JERUSALEM: Aid workers in the Palestinian territories told AFP they are concerned that rules recently floated by Israel could make already difficult humanitarian work “almost impossible.”
Since the war in Gaza broke out with Hamas’s October 7, 2023 attack on Israel, aid organizations have been contending with a “slippery slope” when it comes to Israeli authorities’ tolerance for their work, said one senior NGO staffer.
But after COGAT, the Israeli body responsible for overseeing Palestinian affairs, presented a plan last month for reorganizing aid distribution, that slope has gotten “much steeper,” with some NGOs deeming the proposed changes unacceptable, she added.
COGAT did not respond to AFP’s request for comment.
The staffer and others interviewed requested anonymity for fear of repercussions for their operations in the occupied West Bank and the besieged Gaza Strip, where responding to the acute humanitarian crisis brought on by the war had already been a Herculean undertaking.
“The ability to deliver aid and adhere to humanitarian principles in Gaza, the access restrictions we’re facing in the West Bank... All of these things, when you put them together, you just feel like you’re watching the apocalypse,” she said.
“We basically have a fire extinguisher trying to put out a nuclear bomb.”
According to NGOs, COGAT presented a plan at the end of February that aims to reinforce Israeli oversight of aid by establishing logistics centers linked to the army and by enforcing tighter control over the entire humanitarian supply chain.
“Logistically, it will be almost impossible,” said one member of a medical NGO, wondering whether such organizations would be forced to declare individual recipients of various medications.
COGAT’s stated objective, according to the NGOs, is to combat looting and the misappropriation of aid by militants.
But the NGOs say they believe looting is currently marginal, and that the best way of avoiding it is to step up deliveries.

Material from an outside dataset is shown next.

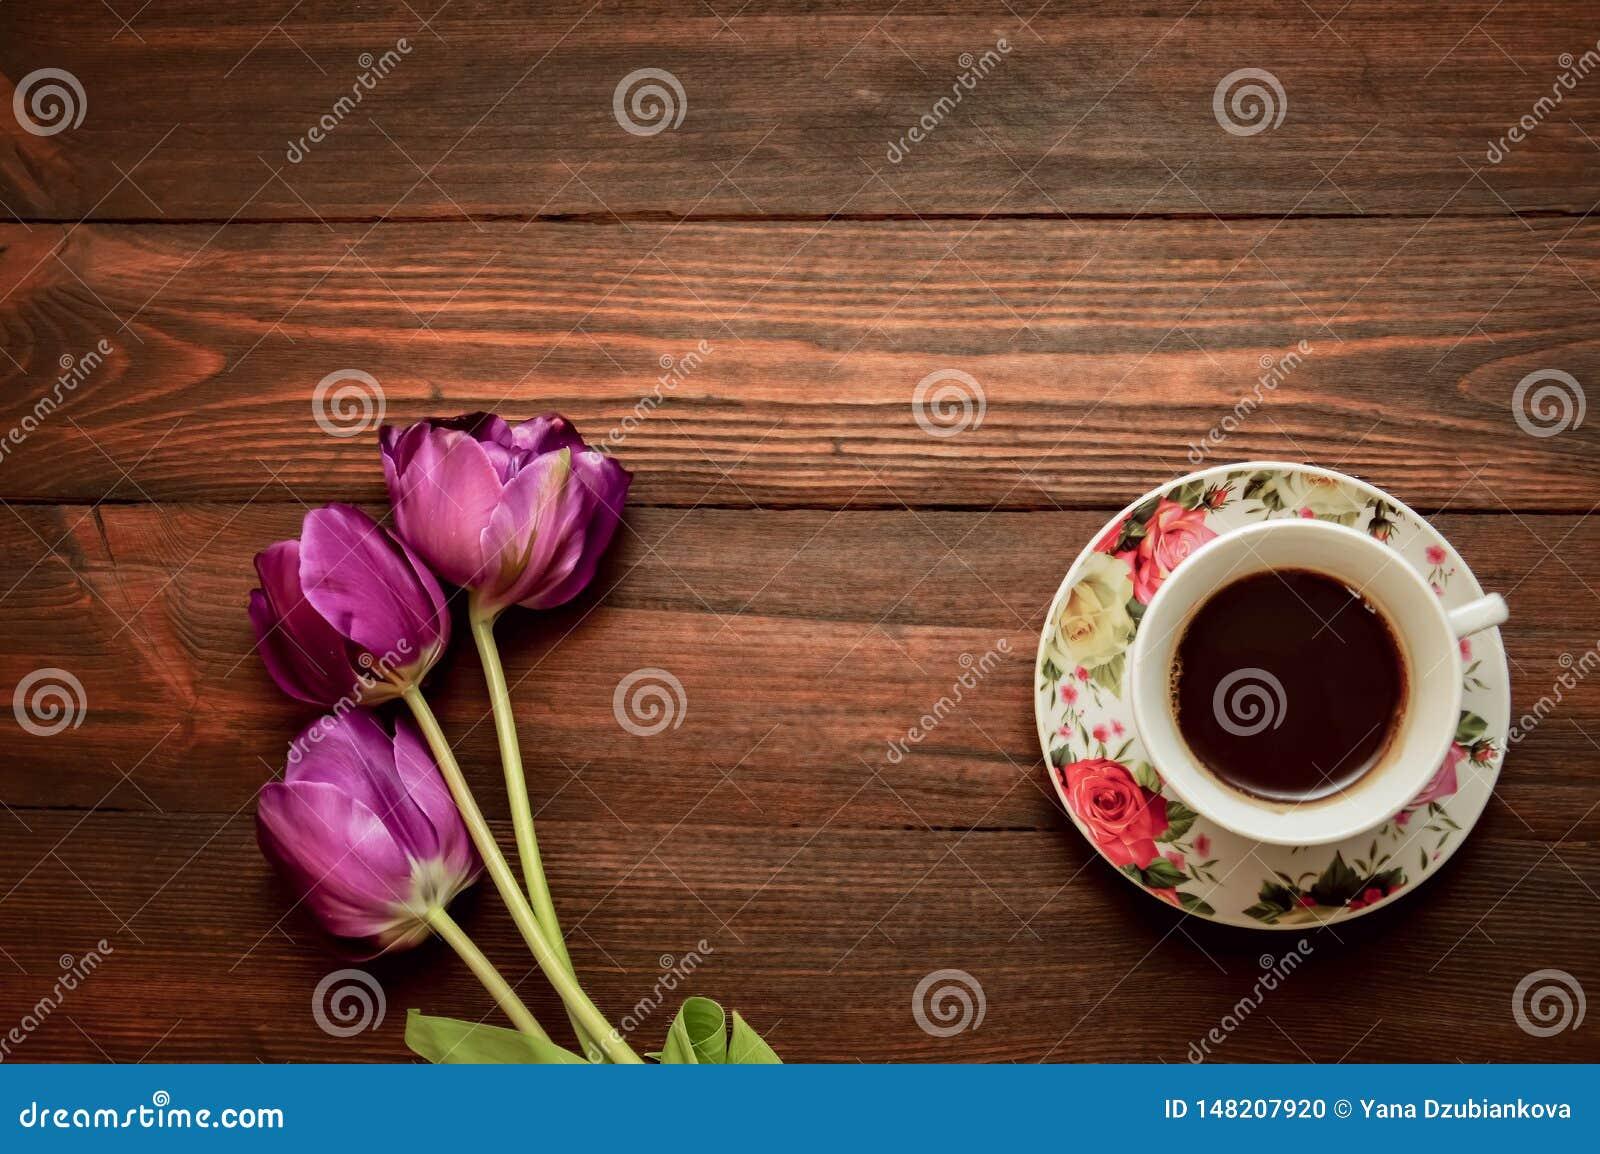 Uma x?cara de caf? ou um ch? em uns pires est?o em um fundo de madeira, tulipas roxas encontram-se em seguida

Israel, meanwhile, cut off aid deliveries to Gaza entirely early this month over an impasse with Hamas on how to proceed with a fragile ceasefire.
“The thinking (of COGAT) was that Hamas would rebuild itself thanks to humanitarian aid,” said a representative of a European NGO, “but that’s false, and humanitarian aid won’t bring them rockets or missiles.”
Israel “just wants more control over this territory,” he added.
The NGOs said COGAT did not specify when the new rules would take effect.
A separate government directive that came into force in March established a new, stricter framework for registering NGOs working with Palestinians.
It requires organizations to share extensive information on their staff, and gives the government the right to reject employees it deems to be linked to the “delegitimization” of Israel.
NGOs operating in the Palestinian territories already face numerous difficulties, and even outright danger, particularly in Gaza.
At least 387 employees have been killed in Gaza since the start of the war, according to a recent UN estimate.
Philippe Lazzarini, head of the UN’s Palestinian refugee agency UNRWA, which was recently banned from operating in Israel, said the humanitarian community is wondering “how far can we go while remaining principled,” and at what point that would no longer be the case under the new rules.
Amjad Shawa, director of the Palestinian NGO network PNGO, said organizations “need to all work against” the new restrictions, adding that he believed the rules’ actual goal was to “prevent accountability and any kind of criticism on Israel toward what they committed” in Gaza and the West Bank.
“Lives are at stake,” he added.
The head of an international NGO agreed that a “red line has been crossed and I think we should oppose it.”
But one humanitarian in the medical sector said a principled stand would only draw flak from the Israelis, and “given the needs (of the Palestinians), principled positions don’t hold water.”